As a continuation of Day81: A bit of bioinformatics (and revisions for a paper), I need to parse the results of the HOMER motif discovery analysis.
Task: Extract from the HOMER motif name
The names of the motifs are jammed with information which needs to be split into separate columns.
To do this task, I defined an R function to load the data (part 1), parse out count data information (part 2), and separate the motif name into different columns (part 3).
load_homer_knownresults <- function(knownresults_file, returncounts=FALSE){
## Part 1: Read known results file
motifs <- readr::read_tsv(knownresults_file, progress=FALSE)

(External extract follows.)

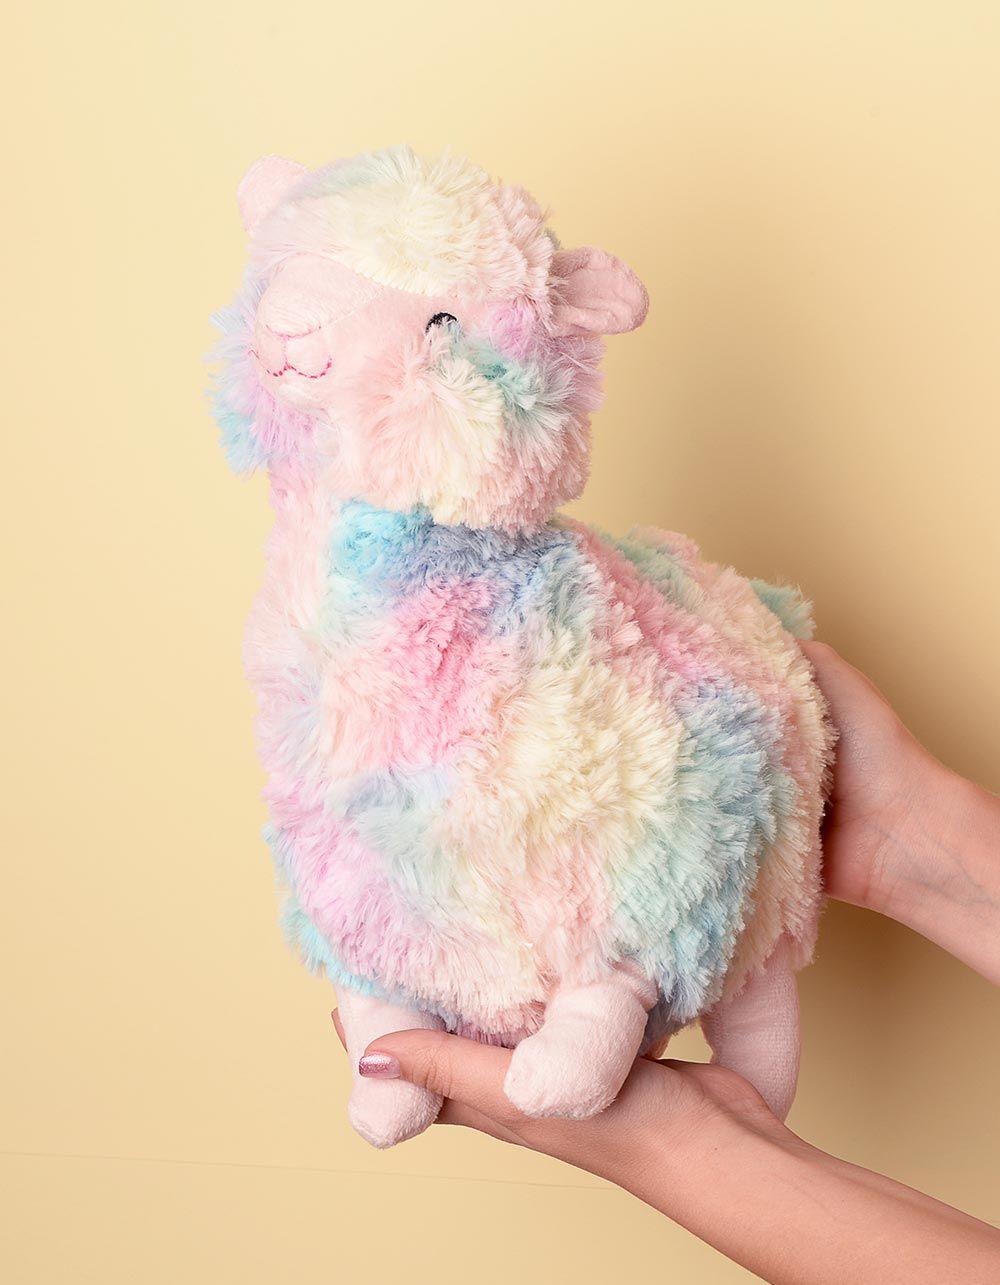 Іграшка м яка кольорова у вигляді альпака | 238286-21-XX

## Part 2: Return number of sequences in target and background
if (returncounts) {
original_columns <- colnames(motifs)
seqcounts <- c(
"targets" = as.integer(sub(".*?(\\d+).*", "\\1", original_columns[6])),
"background" = as.integer(sub(".*?(\\d+).*", "\\1", original_columns[8]))
)
return(seqcounts)
}
## Part 3: Tidy column names & extract from motif name
colnames(motifs) <-
c("name", "consensus", "pval", "pvalLOG", "qvalBEN",
"tagetN", "targetP", "bgN", "bgP")
motifs %>%
tidyr::separate("name", into=c("tf", "origin", "source"), sep="/") %>%
tidyr::separate("tf", into=c("tf", "dnabindingdomain"), sep="\\(") %>%
dplyr::mutate(dnabindingdomain = sub("\\)$", "", dnabindingdomain))
}
Now that the information is tidied, we are able to search the transcription factor name in e.g. PubMed for further research.